Engineering Contradictions & Design Principles
Engineering Contradiction Analysis
1Ease of operation
If the aerial vehicle is controlled by a manipulation device, then the operator can directly control the flight, but the aerial vehicle cannot fly according to a predetermined flight path due to inexperienced operation
Solution Approach 1:
The flight control apparatus continuously compares the actual flight state (obtained from sensors) with the predicted flight state (from the prediction model) and uses this feedback to generate corrected control signals.
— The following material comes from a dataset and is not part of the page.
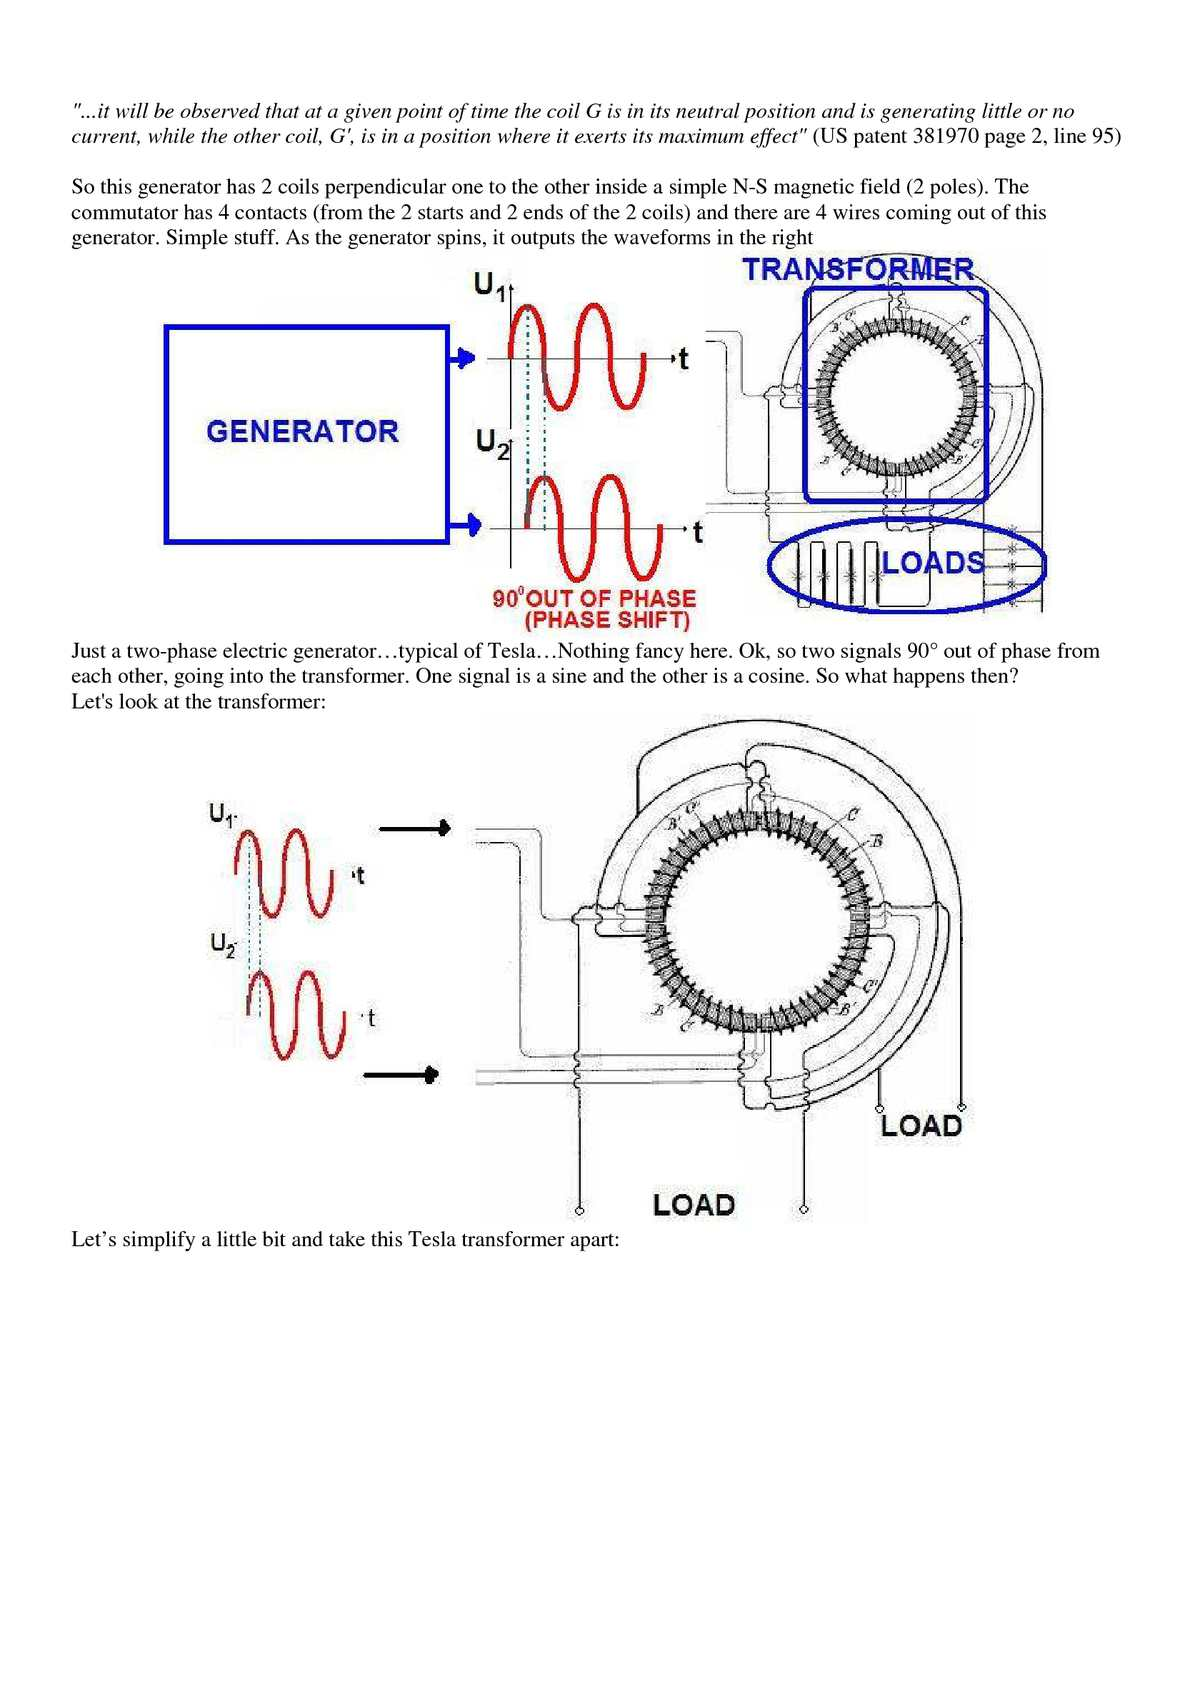 Rodin Coil Wiring Diagram Electrical Diagrams Tesla 02 Saturn Sl1 Fuse Coils Correct

This closed-loop feedback mechanism compensates for operator inexperience and ensures adherence to the predetermined flight path.
Solution Approach 2:
The prediction model acts as an intermediary between the manual control input and the actual flight control. It predicts the expected flight state based on operation information and sensor data, then compares this prediction with actual sensor measurements to generate corrected control signals, thereby mediating the control process to improve flight path adherence.
2Reliability
If the aerial vehicle is controlled by an autonomous control system, then the flight can be more stable, but stable flight cannot be guaranteed due to defects or external environmental factors
Solution Approach 1:
The prediction model is dynamically updated during flight operations by comparing predicted flight states with actual sensor measurements. This dynamic adaptation allows the control system to adjust to changing environmental conditions and potential defects, maintaining flight stability while improving responsiveness to unexpected situations.
Solution Approach 2:
The flight control apparatus performs self-diagnosis and self-correction by continuously comparing predicted versus actual flight states. When discrepancies are detected, the system automatically updates the prediction model and adjusts control signals without external intervention, enabling the system to maintain stability and adapt to defects autonomously.
3Reliability
If a prediction model is used to control flight, then flight control performance can be improved, but the model requires continuous updating based on actual flight data
Solution Approach 1:
The prediction model is continuously updated throughout flight operations by comparing predicted flight states with actual sensor measurements. This continuous learning process ensures the model remains accurate and adaptive to current flight conditions, maintaining high control performance without requiring separate calibration phases.
Solution Approach 2:
The system implements a feedback loop where actual sensor measurements are continuously compared with prediction model outputs. This feedback drives automatic model updates, ensuring the prediction model adapts to actual flight characteristics while maintaining improved control performance. The feedback mechanism integrates seamlessly with the control process.
Data Source
AI summary
Disclosed are a flight control apparatus for an aerial vehicle and a method of operating the same. The flight control apparatus includes a communication circuit that establishes communication with a control system and receive first information related to operation information for controlling flight of an aerial vehicle from the control system, a sensor that obtains second information related to flight data of the aerial vehicle, a memory that stores a prediction model for predicting a flight state of the aerial vehicle based on the first information and the second information, and a flight parameter estimation value including at least one of a landing gear spring coefficient, an aerodynamic coefficient, a friction coefficient, an control surface effect, a thrust coefficient, or inertia moment or any combination thereof or any combination thereof, and a processor that is electrically connected to the communication circuit, the sensor, and the memory.